What is a society like when morality is either cheapened or done away with? Well, watch the modernity of TV programming, go to the movies, or watch the news on TV. Boy, that was easy, huh? Charlie Kirk was assassinated more because he preached morality than anything else. Christianity comes with a moral imperative from on high. For that matter, the bible’s Ten commandments are the foundation for morality. Morality did not exist as it now is until God intervened on the Israelite’s. Oh, the bible, eh? Absolutely, the bible!
Mankind is lustful. Lust makes no exception for male or female as lust is a lack of self-discipline. Self-discipline began to disappear with war and nations that worshiped false gods. Without God and His law humanity would probably not exist now. Maybe that would be a good thing? Have we gotten ourselves to an impasse with our societies lack of moral principles? We may very well have done so but for those who refuse modern era immorality. This is not to say that we are perfect it is only to say that we have self-discipline. The Good Lord knows that I am imperfect as I have proved it time and time again in my life.
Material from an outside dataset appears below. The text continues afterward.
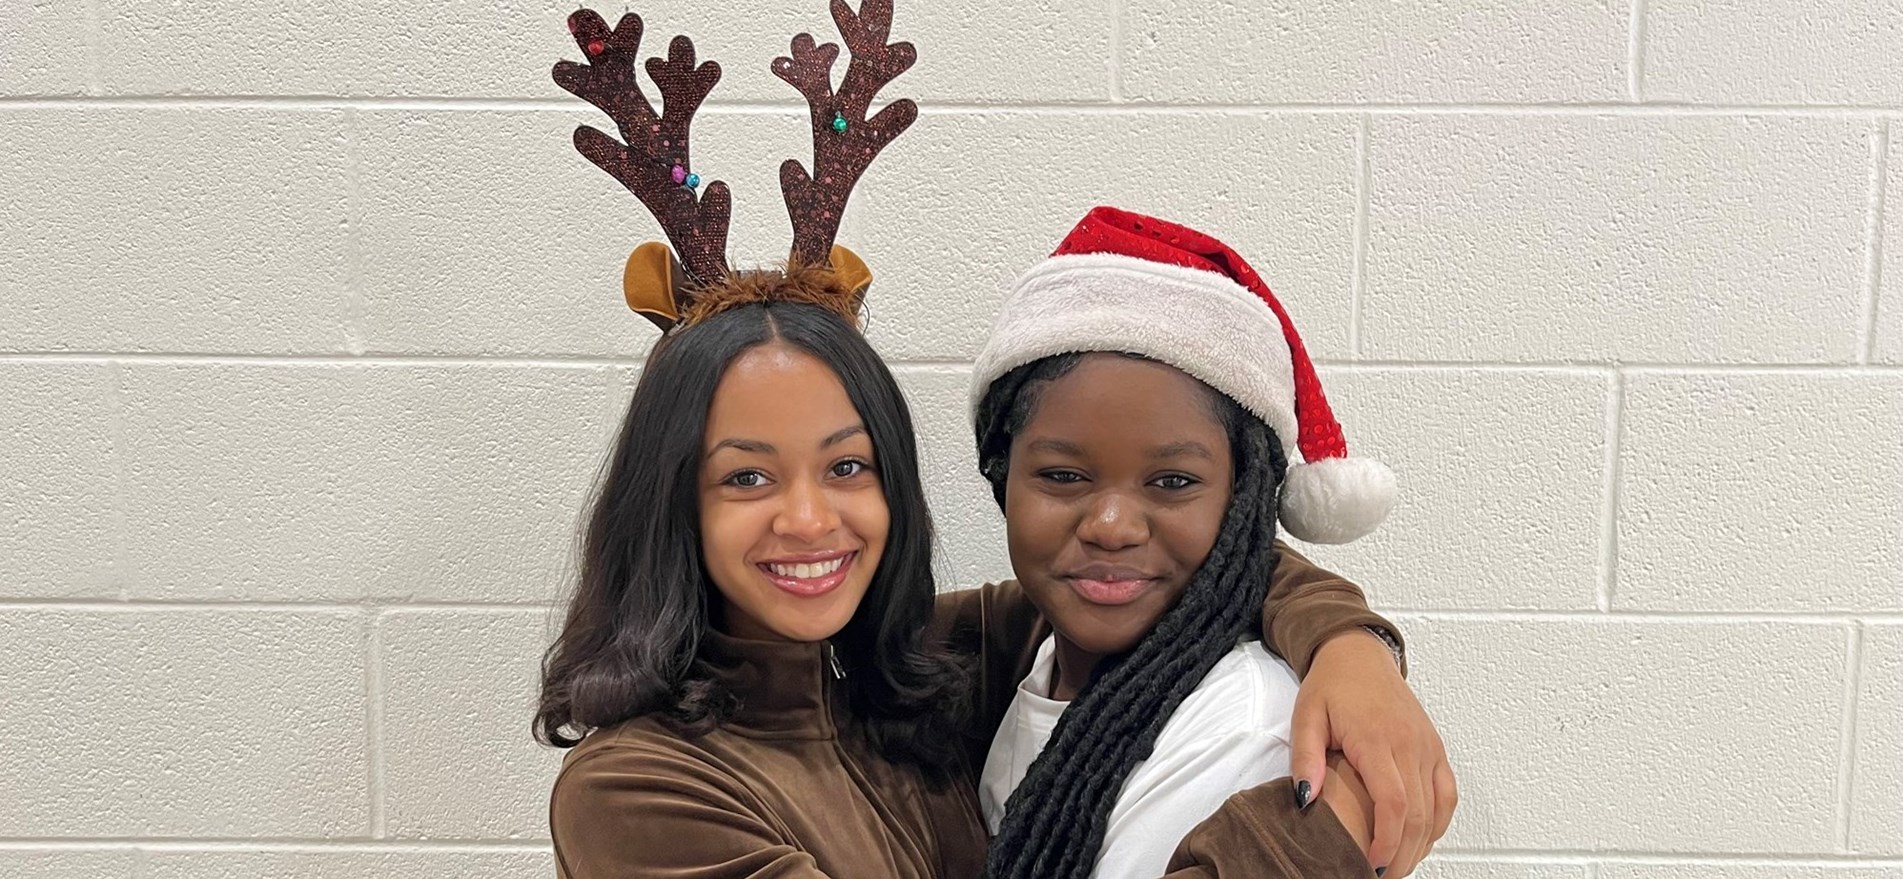 Two students pose in their costums for Iconic Duo themed dress day, one as Santa, the other as a reindeer
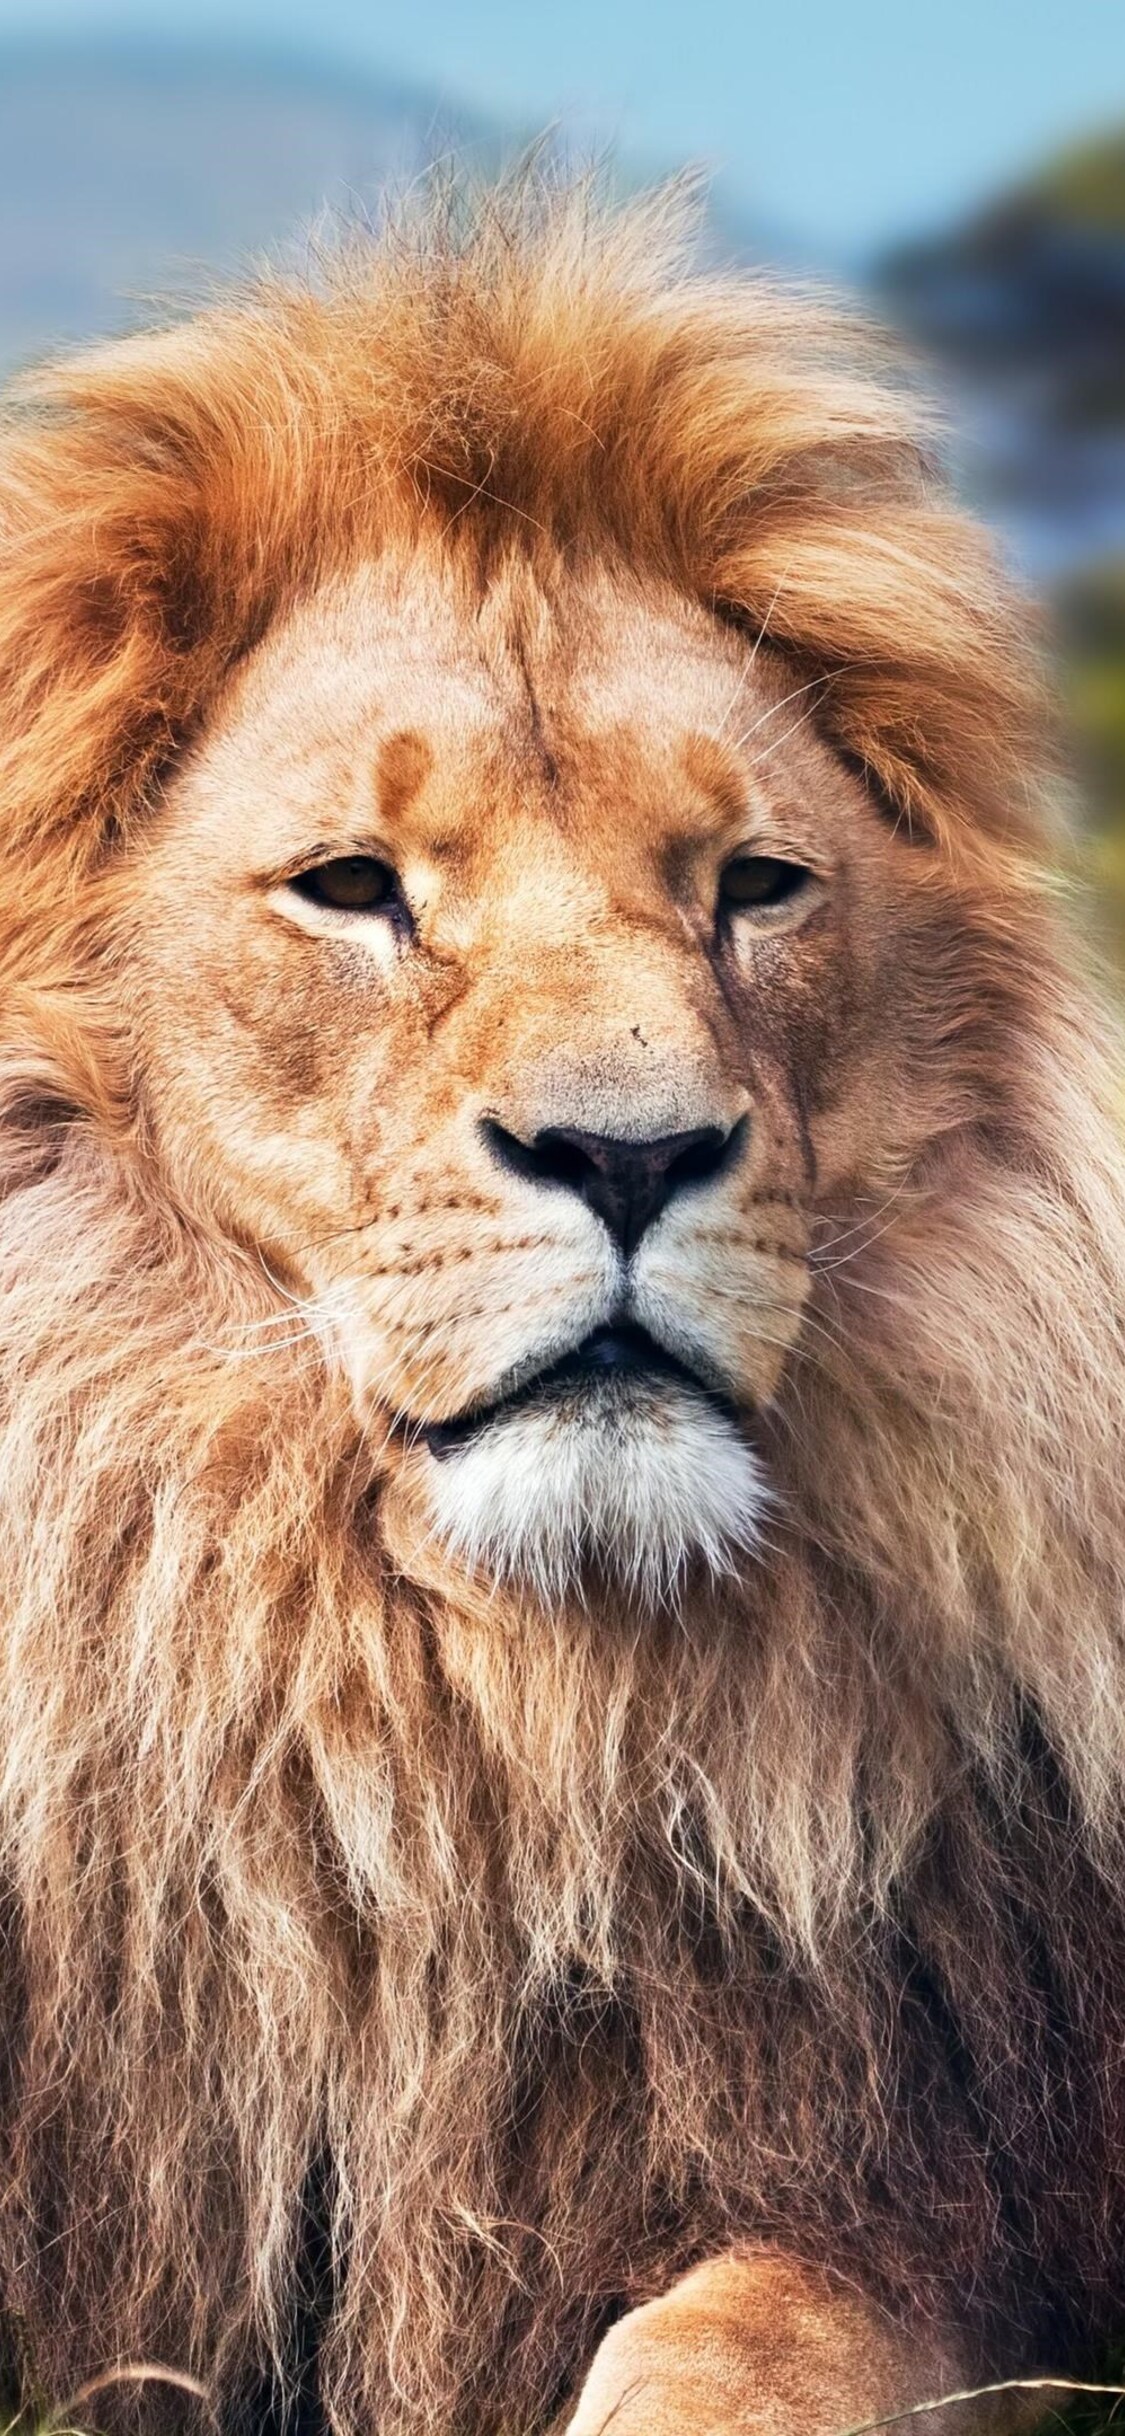 iPhone Lion 4k Wallpapers - Wallpaper Cave

Until the last decade or two.
I am not the pot calling the kettle black. I am self-admitting lust and all that comes with it. The difference is my belief in God and the hereafter. I figured out with my thick skull, finally, that I have a responsibility to walk the straight and narrow. You know what? I am, for the first time in my rather sopping life of drink and frolic, deeply happy and, of all things of WOW!, patient.
All I can do is to write what I write and hope what I hope as I am old now and life is ebbing for me. Even so, I am now stronger of mind than I have ever been and that comes through prayer and dedication to righting my wrongs. Wrongs that darn near killed me. And, yes, my prayers were answered but not in my time, in Gods.
One final thing, no, I was far from ebbing when I changed my ways. I was chipper and working quite hard to make a living for my family. A family I managed to keep intact but only with God’s help. I know this to be true as my prayers were sincere and not just thrown into space. Think on this. I am anything now but pushy.